Erem: Franchise modeli ihracatta önemli bir parametre
Franchise modeli ile markasını yurt dışına taşıyabilen birkaç Türk markasının yoğun bir rekabetle karşı karşıya kaldığının altını çizen Erem, “Yurt dışında yerel yatırımcıyı ikna ederek franchise vermek, o ülkenin yerleşik markalarının ‘alışılmış’ lezzet ve iş modellerinin yoğun rekabeti altında zaten hiç kolay değil.Bu nedenle bir çözüm önerisi olarak; Ekonomi Bakanlığı’nın Türk markalarının yurt dışına açılabilmesini teşvik amacıyla, yıllardır bildiğimiz yöntemle; İş yeri kirasından, tanıtım ve pazarlamaya, personel masrafından, lojistiğe kadar birçok teşvik uygulaması var. Bu, yabancı ülkelerde şubeleşerek çoğalacak işletmeler için güzel bir imkan. Ancak, bakanlığının ‘yurt dışı teşvikleri’, o ülkenin bir yerel yatırımcısının, sözleşmeye bağlı olmak kaydıyla bir Türk markasını temsil edeceği, ‘Franchising’ gibi çoğalmaya, büyümeye dayalı bir iş modelini maalesef kapsamıyor. Franchising modelinde bir marka, başka bir ülkede franchise vermek için genelde önce bir ‘Master Franchiser’ ile anlaşmak ister. ‘Master Franchiser’ o ülkede franchise verme haklarını alarak, satış noktalarının çoğalmasını sağlayan, genellikle yerel bir yatırımcıdır, yani yabancıdır.

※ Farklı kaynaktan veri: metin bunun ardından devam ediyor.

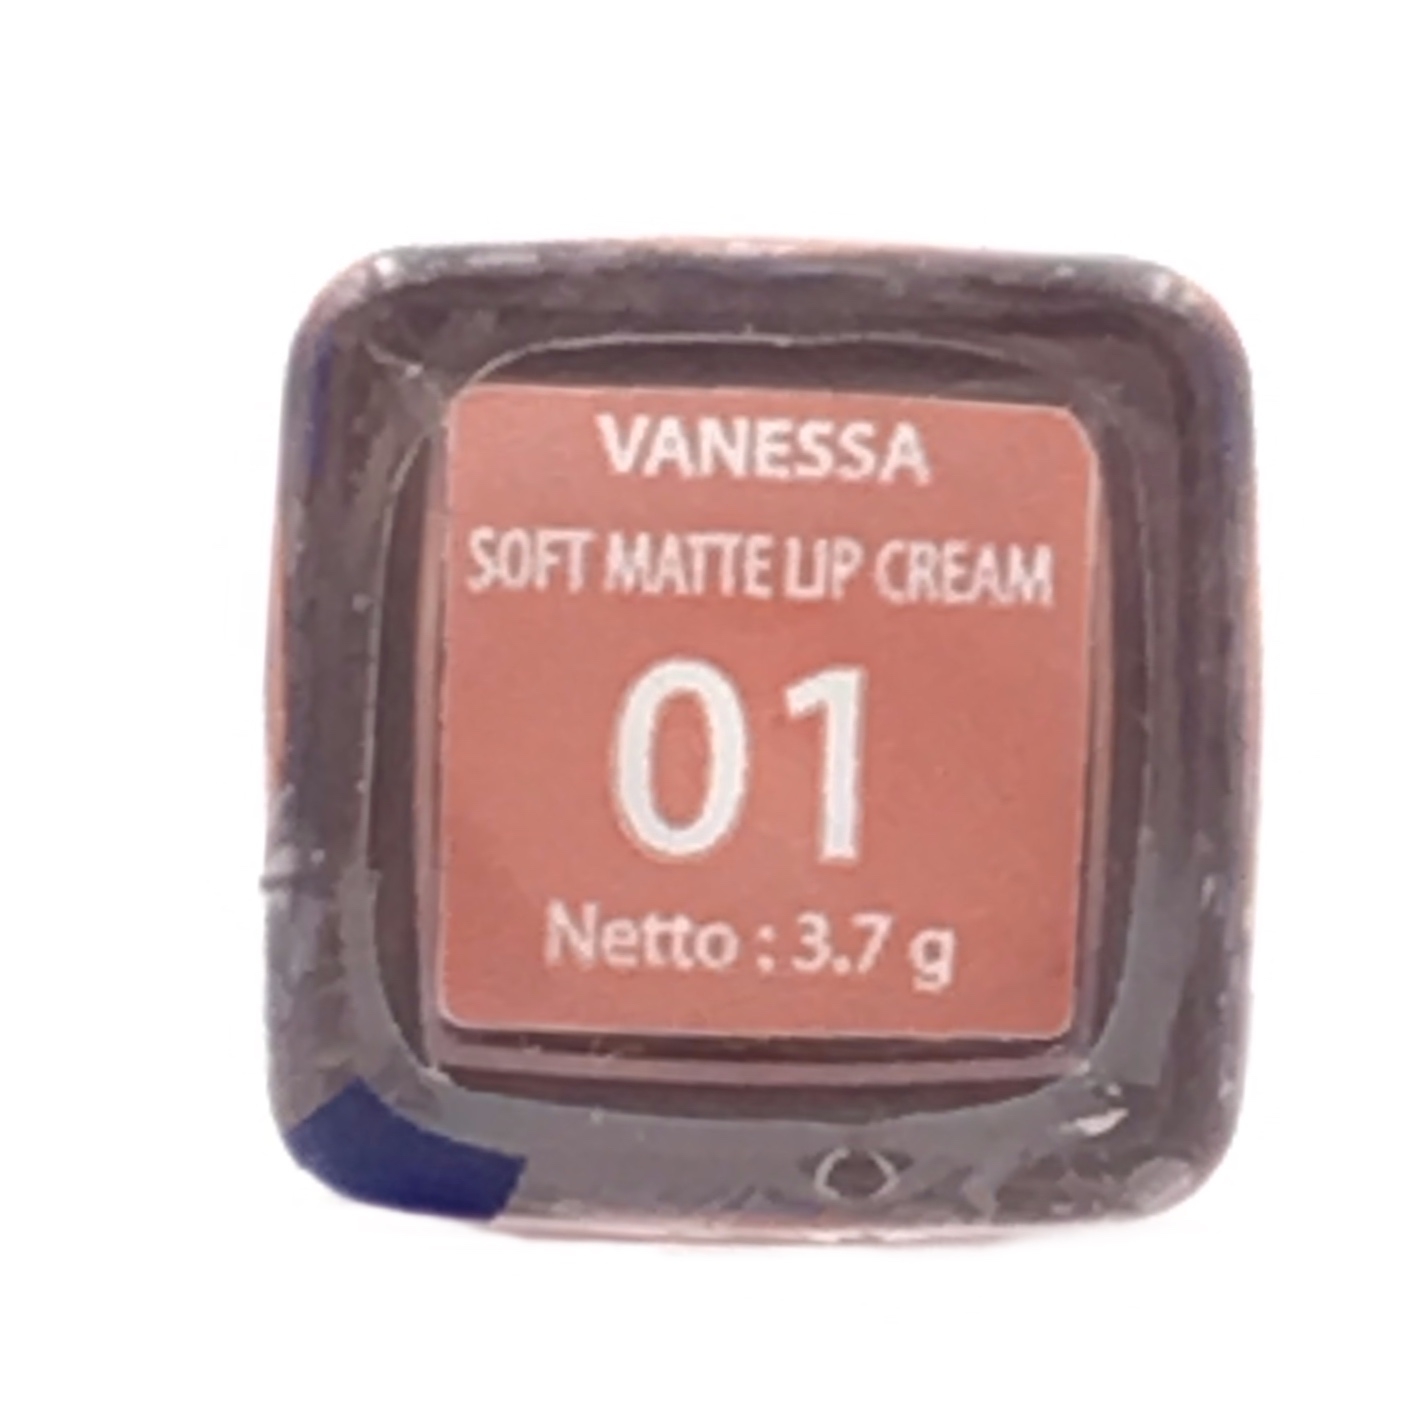 Marcks' Venus Soft Matte Lip Cream Vanessa 01 Lips

Erem: Türk markaları yurt dışında hızla çoğalsın, satış noktalarının menüleri, rafları Türkiye’de üretilen ürünlerle dolsun…
Özetle; Ekonomi Bakanlığı bir Türk markasının yurt dışında ‘Master Franchise’ haklarını alabilecek yabancıya da teşvik vermelidir. Bu tür ‘yabancı-yerel yatırımcı’ da bir türlü, dolaylı bile olsa, desteklenmelidir ki, Türk markaları dünyaya açılsın. Muhtemelen yetkililer “Mevzuatımız bir yabancıya teşvik vermeyi kapsamıyor, bunun yerine biz zaten Turquality kapsamında markalarımıza bu teşvikleri veriyoruz” diyeceklerdir, ancak buradaki nüans, gerekli mevzuat düzenlemesinin yapılarak, Türk markalarının yabancı ülkelerde yayılmasını sağlayabilecek “yabancılara” uygun teşviklerin verilebilmesidir. Mesela; Teşvik alacak yabancıya bir yıl içinde en az üç mağazanın açılması şartı getirilebilir, şarta bağlı bu teşvik, marka sahibi Türk firması üzerinden uygulanabilir… Yabancıya dolaylı olarak verilecek bu teşvik şartları itibariyle, Turquality programına göre daha kolay ve hızlı sonuç verecek bir programı hak etmektedir.